SeaWorld Can't Afford to Get Rid of Orcas

Animal lovers are celebrating, but the decision doesn’t mean the amusement park is backing away from the business model that made it rich.

by Kaleigh Rogers
Nov 10 2015, 7:30pm

Image: Jeff Kraus/Flickr

Two years from now, Shamu will be putting on a less intensive show at SeaWorld's San Diego location. This is good news for animal lovers, but it doesn't mean the amusement park is backing away from the business model that made it rich. In fact, the changes are more likely a sign that SeaWorld is doubling down on its killer whale performers.

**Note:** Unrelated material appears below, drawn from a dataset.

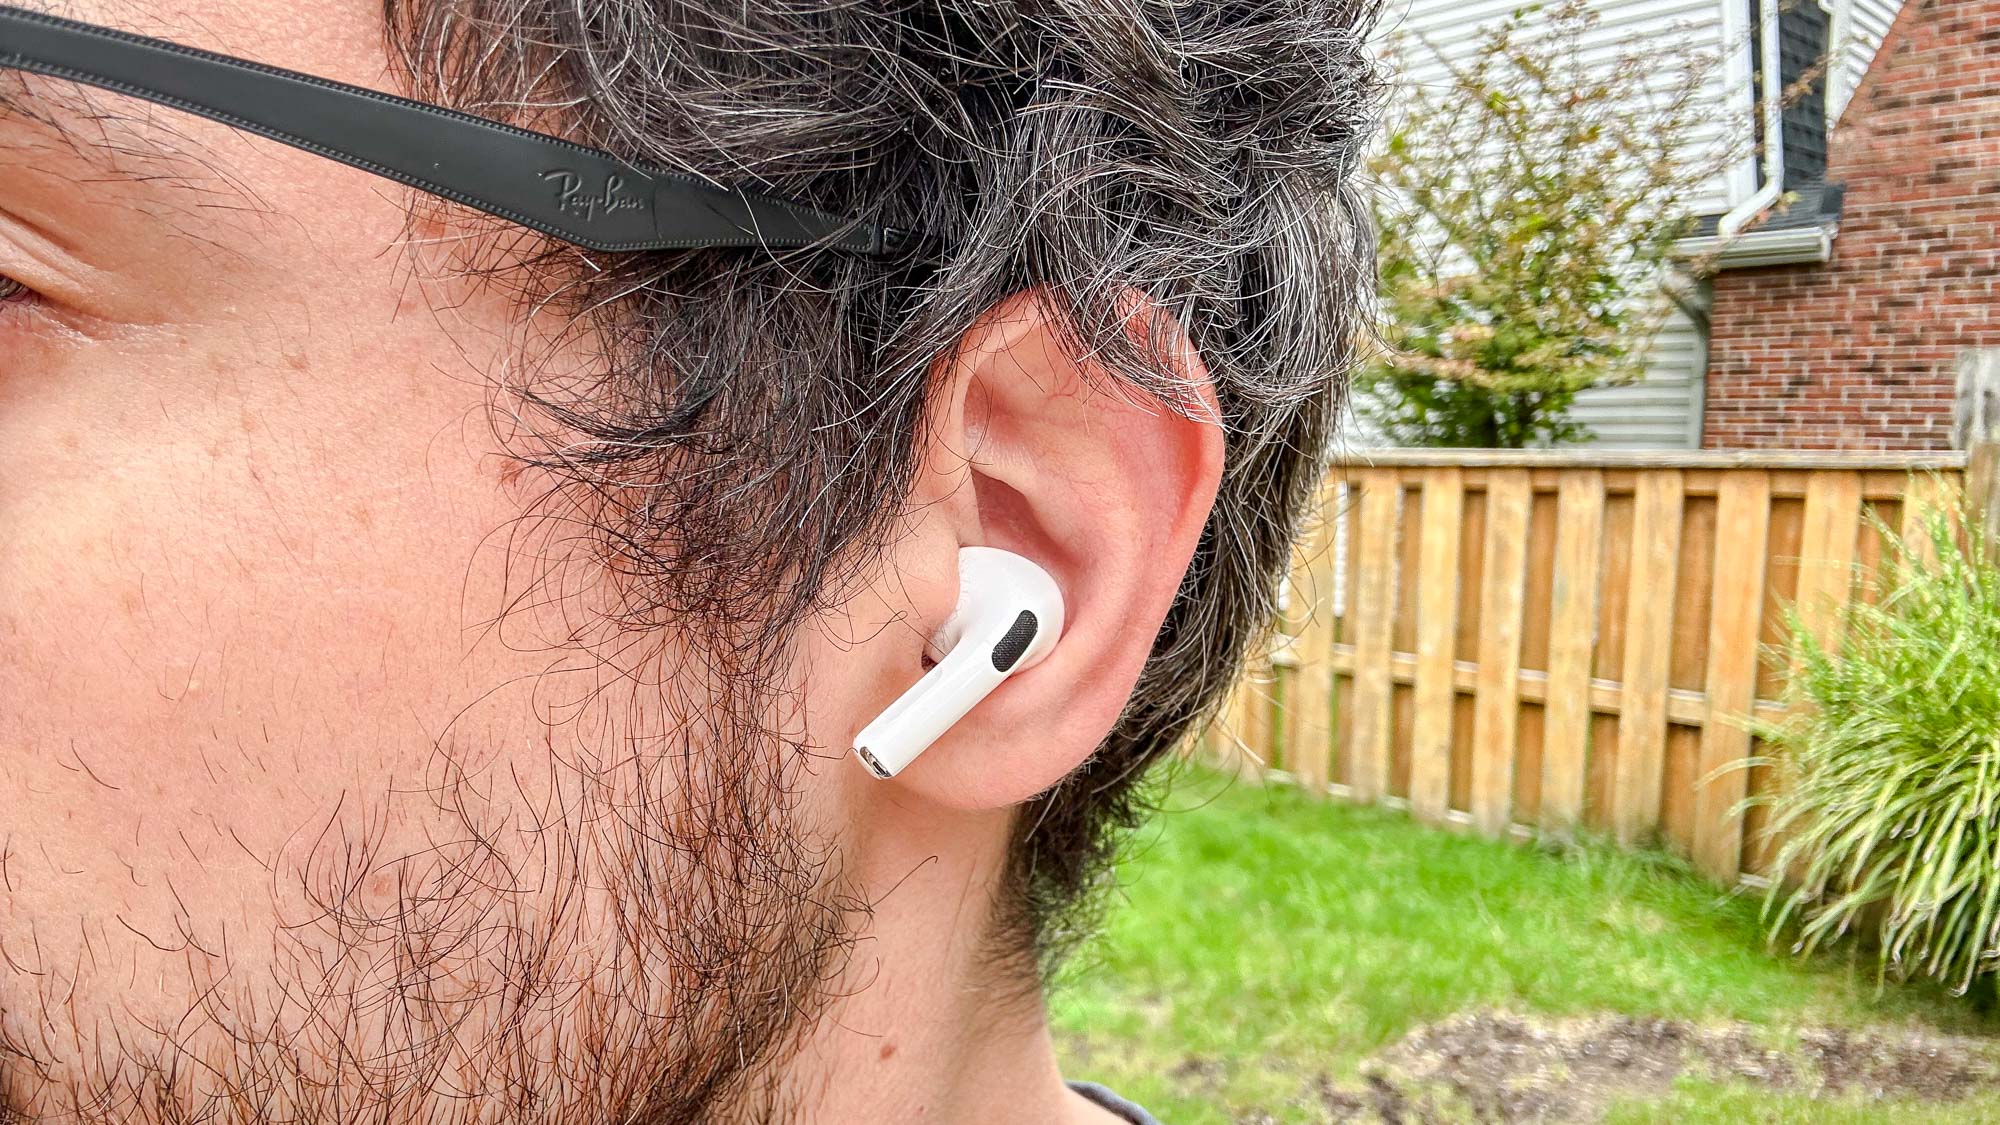 Apple AirPods Pro (2nd Generation) with single bud in ear
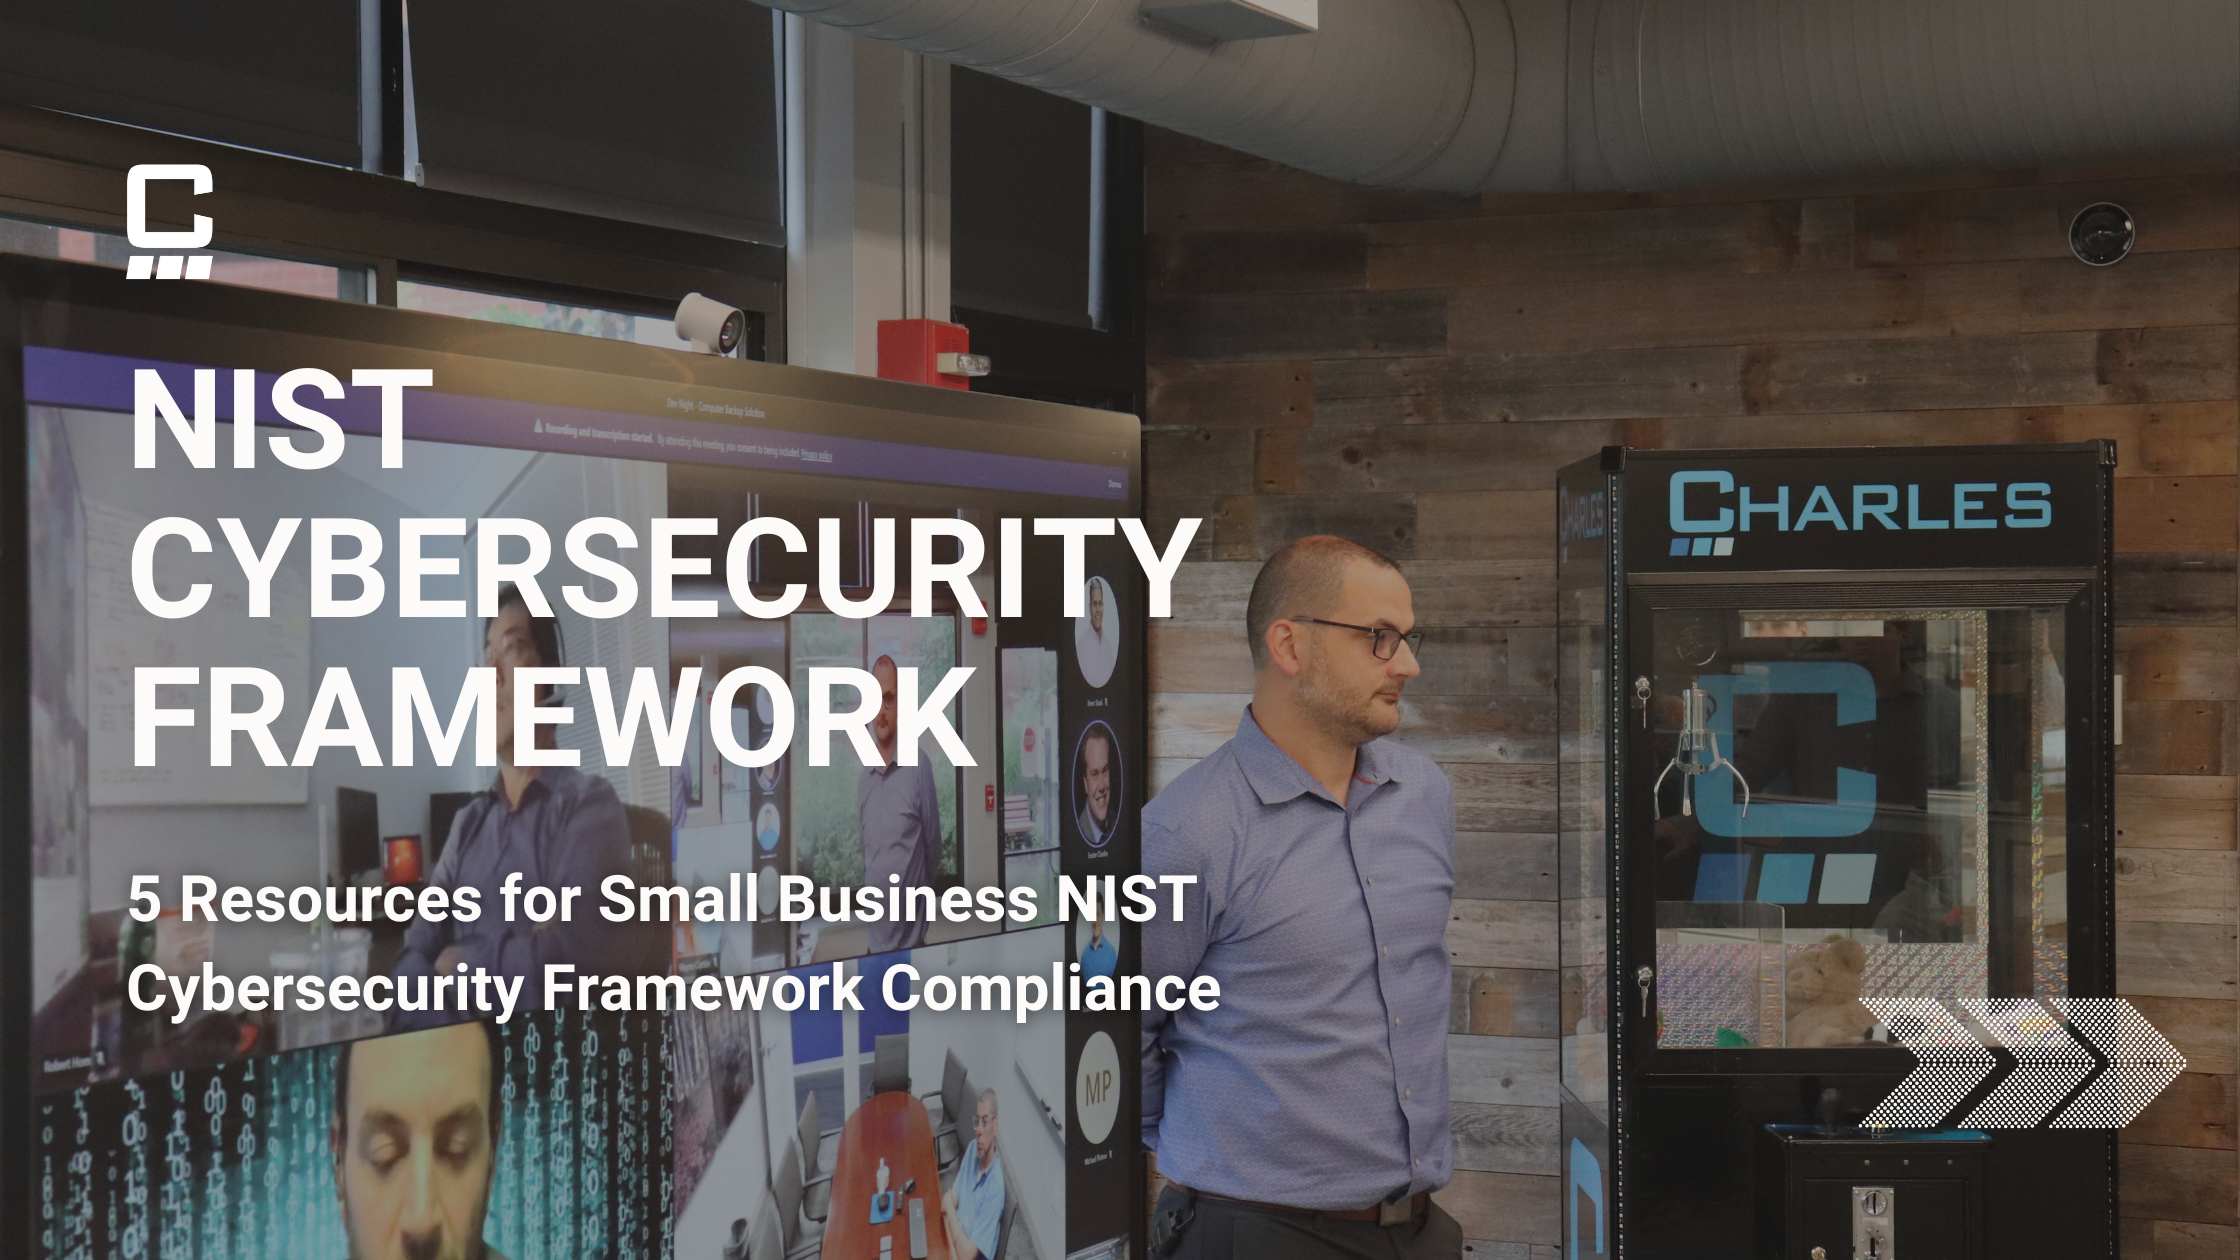 NIST Cybersecurity Framework for Small Business: 5 Useful Resources

During a shareholder presentation Monday, SeaWorld CEO Joel Manby announced the company was eliminating the current, "theatrical" orca show at its San Diego location. In 2017, SeaWorld San Diego will replace the killer whale show with a new performance that will "be focused more on the natural setting, natural environment, and also the natural behaviors of the whale," Manby said. "It will have a strong conservation message."

Although the whales will still be kept in captivity and forced to perform, many animal rights activists saw this as a small victory, a sign that SeaWorld was feeling a hit in profits due to greater public awareness of their alleged treatment of captive cetaceans, largely driven by the documentary Blackfish.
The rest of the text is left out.